South Korean government bonds slumped on Friday after a two-day rebound as investors feared Monday's major bond auction might reignite supply concerns. The government plans to auction up to 2.7 trillion won ($2.01 billion) in 3-year treasury bonds on Monday, larger than the 2.28 trillion won issuance in March, in order to finance its unprecedented extra budget.
"Many debt investors fear the sizable new 3-year treasuries may be undersold or issued at a yield of near or above 4 percent and this should remind them of the persistent supply burden," said Park Yu-na, a fixed-income analyst at Hyundai Securities.
The growing geopolitical tension with North Korea also added to the cautious mood, with the communist state expected to fire a long-range rocket as early as this weekend.
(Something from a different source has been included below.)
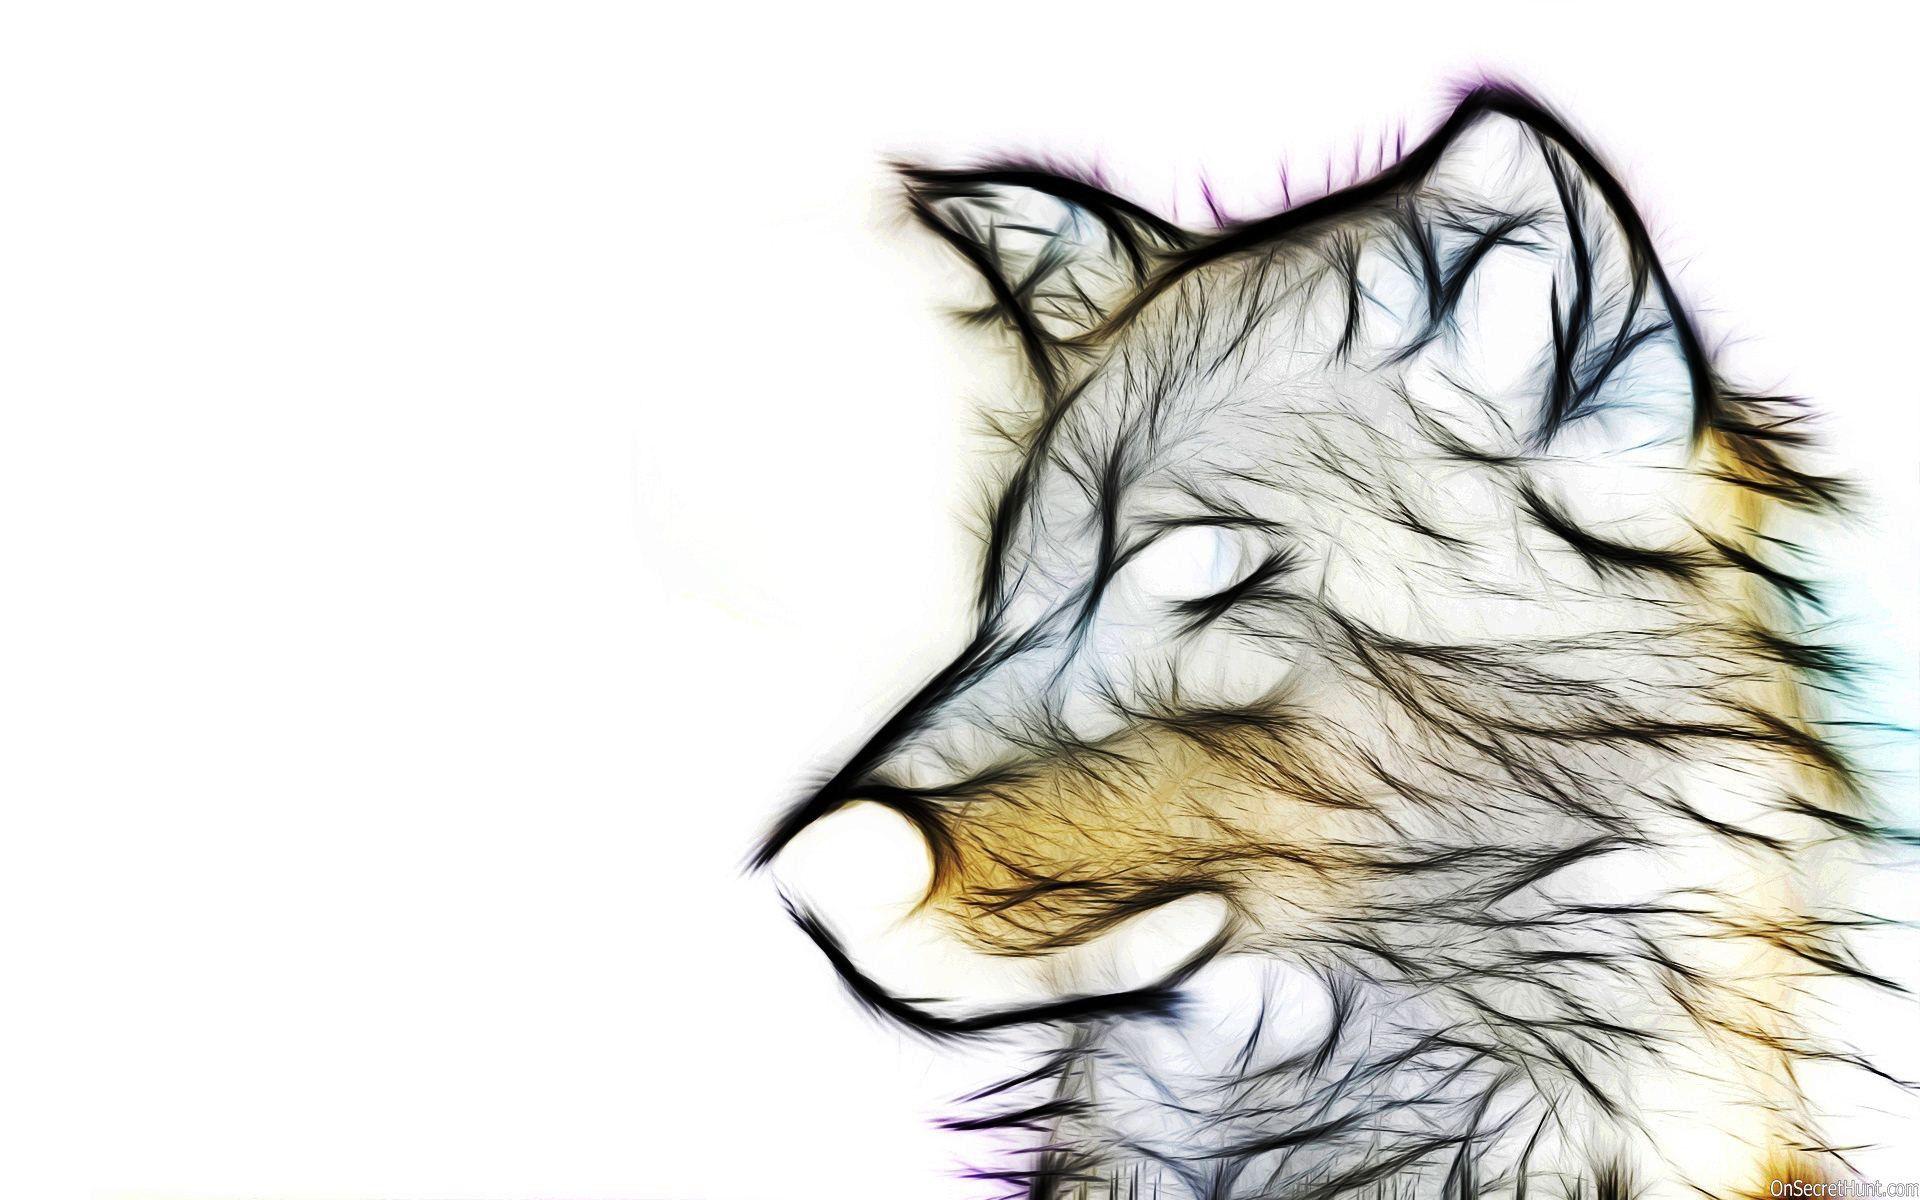 Best 3D Animal Wallpaper. HD Animated Animal Wallpaper

Uncertainty over the central bank's upcoming rate decision also kept debt investors at bay.
Despite the European Central Bank's rate cut on Thursday and signal of more "non-standard" measures, the Bank of Korea was largely expected to stay pat again on April 9 after six successive cuts amid some signs of the economy nearing a bottom. The yield on 3-year treasury bonds rose 8 basis points to 3.95 percent while the yield on benchmark 5-year treasury bonds climbed 5 basis points to 4.62 percent. June treasury bond futures fell 15 ticks to end at 110.20.